Des mesures urgentes attendues des autorités nigériennes
Face à cette escalade de la répression, l’Observatoire formule plusieurs demandes pressantes :
- La libération immédiate et inconditionnelle des journalistes Ibro Chaibou, Youssouf Seriba, Oumarou Kané, Hamid Mahmoud et Mahaman Sani, toujours détenus ;
- L’abandon de toutes les charges retenues contre les six journalistes incriminés ;
- Une révision de la loi sur la cybercriminalité pour la rendre conforme aux normes internationales en matière de droits humains ;
- La fin des arrestations et détentions arbitraires des défenseur·es des droits humains et des journalistes.

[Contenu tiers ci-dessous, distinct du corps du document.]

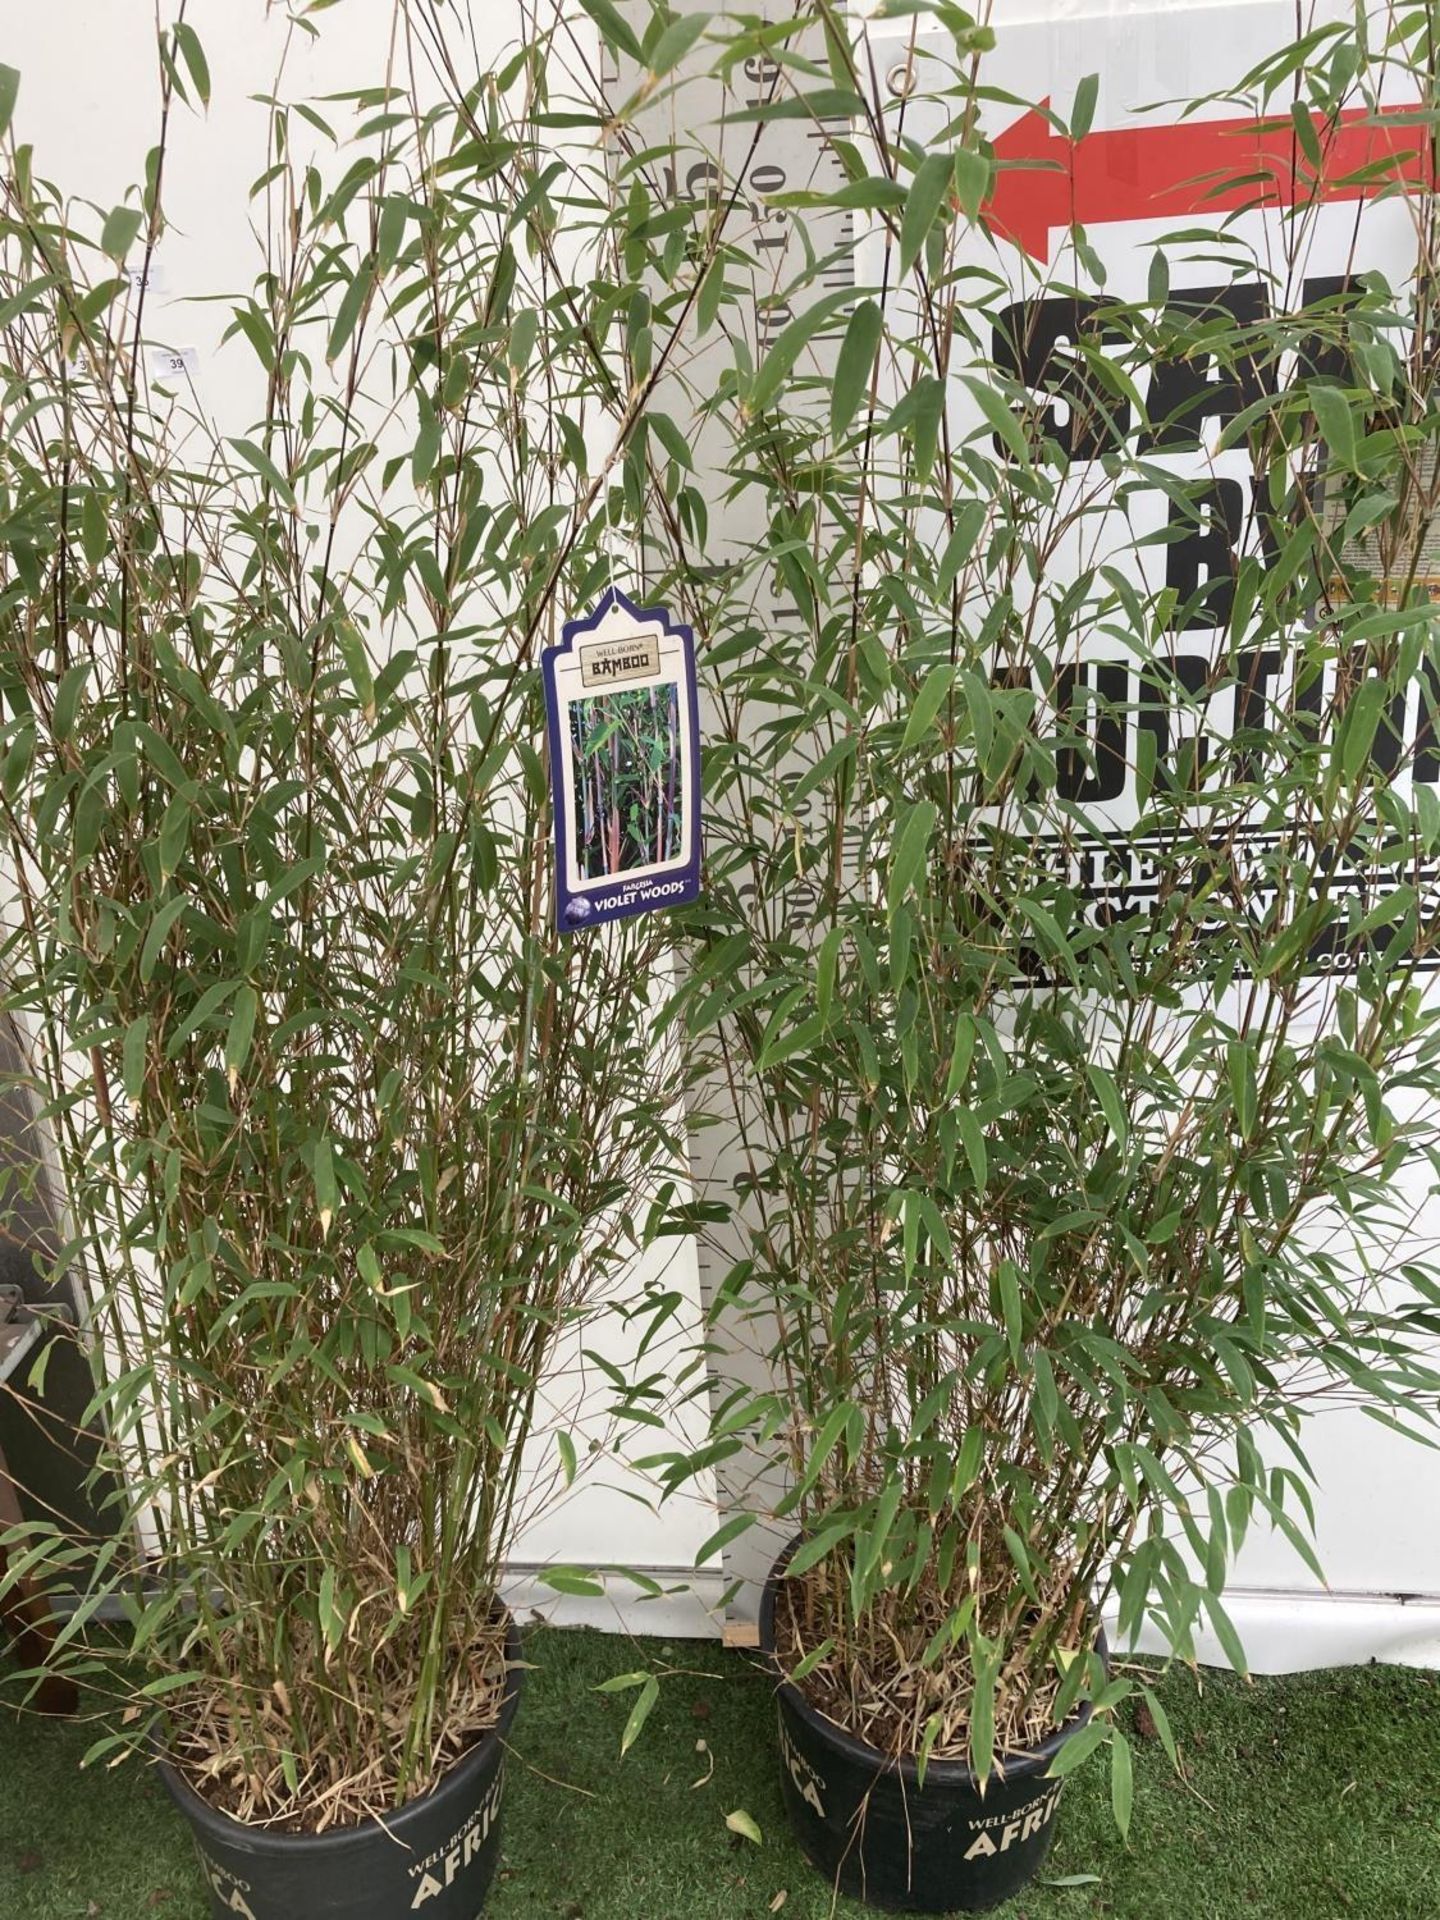 TWO LARGE BAMBOO FARGESIA 'VIOLET WOODS' APPROX 180CM IN HEIGHT IN 10 LTR POTS PLUS VAT TO BE SOLD - Image 5 of 6

L’Observatoire rappelle que la loi nigérienne sur la cybercriminalité, modifiée par l’ordonnance 2024-28 du 7 juin 2024, avait déjà suscité des craintes quant à son utilisation détournée pour réprimer les défenseur·es des droits humains. Les organisations de défense des droits humains craignent que des infractions comme la diffamation ou la diffusion d’informations jugées « troublantes » ne soient utilisées comme prétextes pour museler les voix dissidentes.

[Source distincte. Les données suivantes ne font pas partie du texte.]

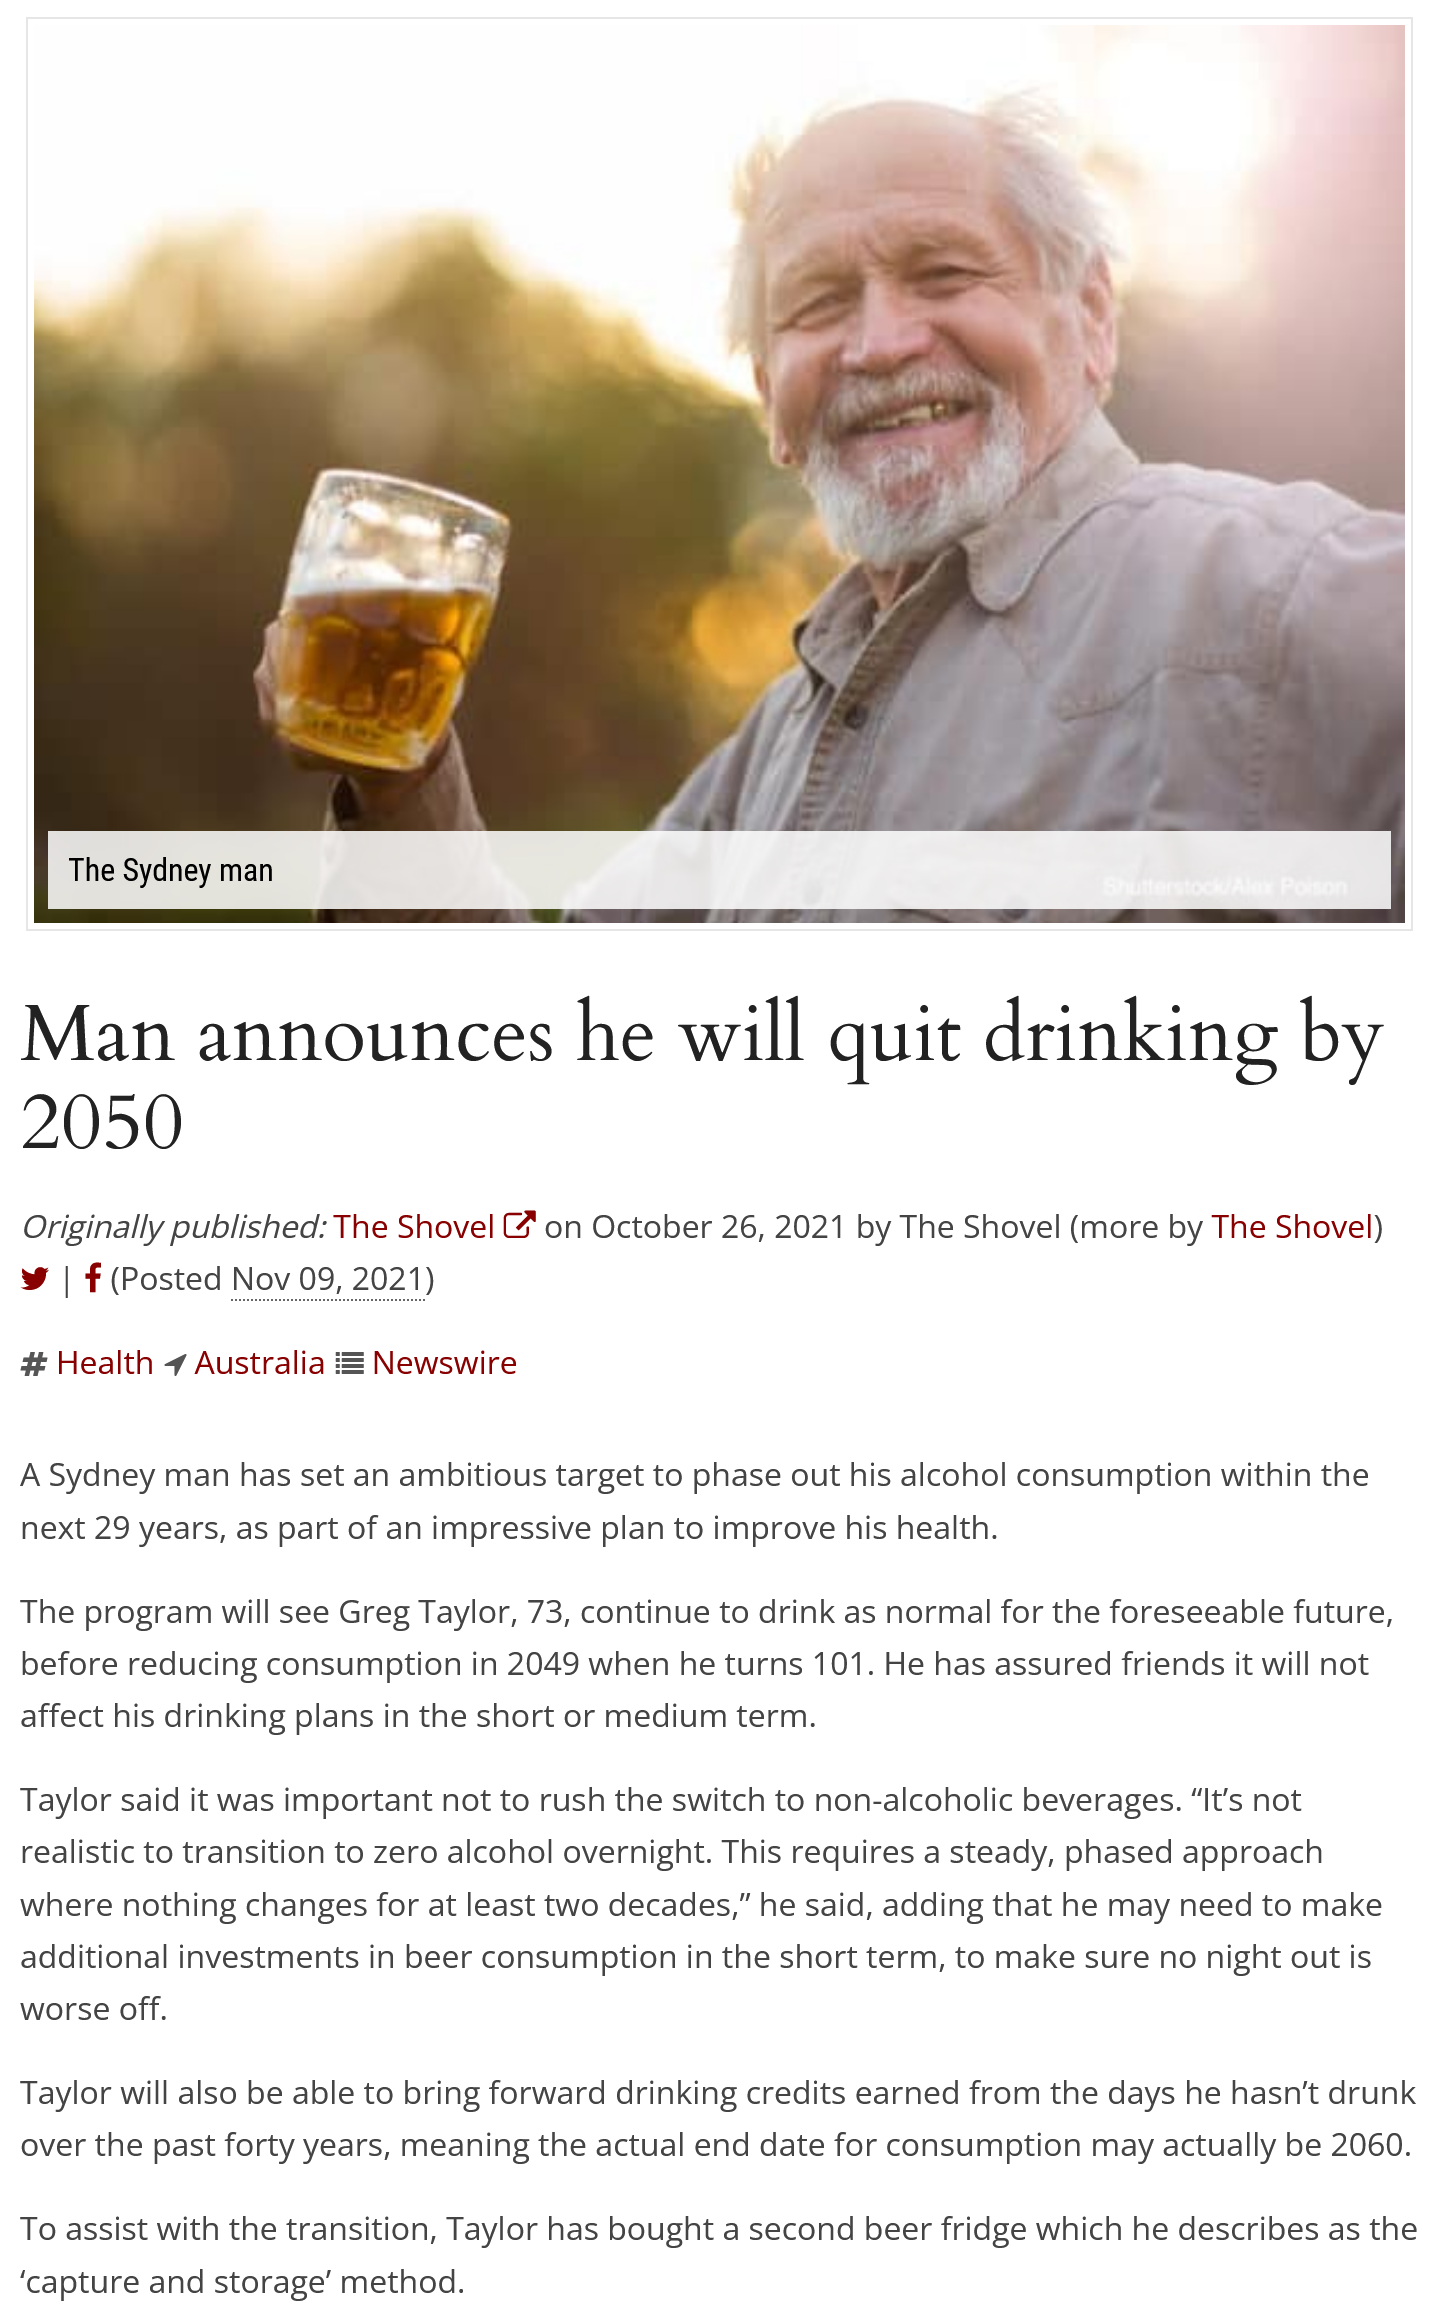 Screenshot 2022-11-25 at 23-50-28 Man announces he will quit drinking by 2050 MR Online.png

Un appel à la mobilisation internationale
Cette situation illustre la dégradation alarmante de la liberté de la presse au Niger et plus largement de l’espace civique dans le pays. Depuis le coup d’État de juillet 2023, les violations des droits fondamentaux, notamment la liberté d’expression, d’opinion, d’association et de réunion, se multiplient. Les arrestations et détentions arbitraires de défenseur·es des droits humains, comme Moussa Tchangari (détenu depuis près de 12 mois), en sont une illustration tragique.
Alors que le Niger s’enfonce dans une crise politique et sociale, la communauté internationale est appelée à réagir fermement pour faire cesser ces atteintes aux droits humains et soutenir la liberté de la presse dans le pays.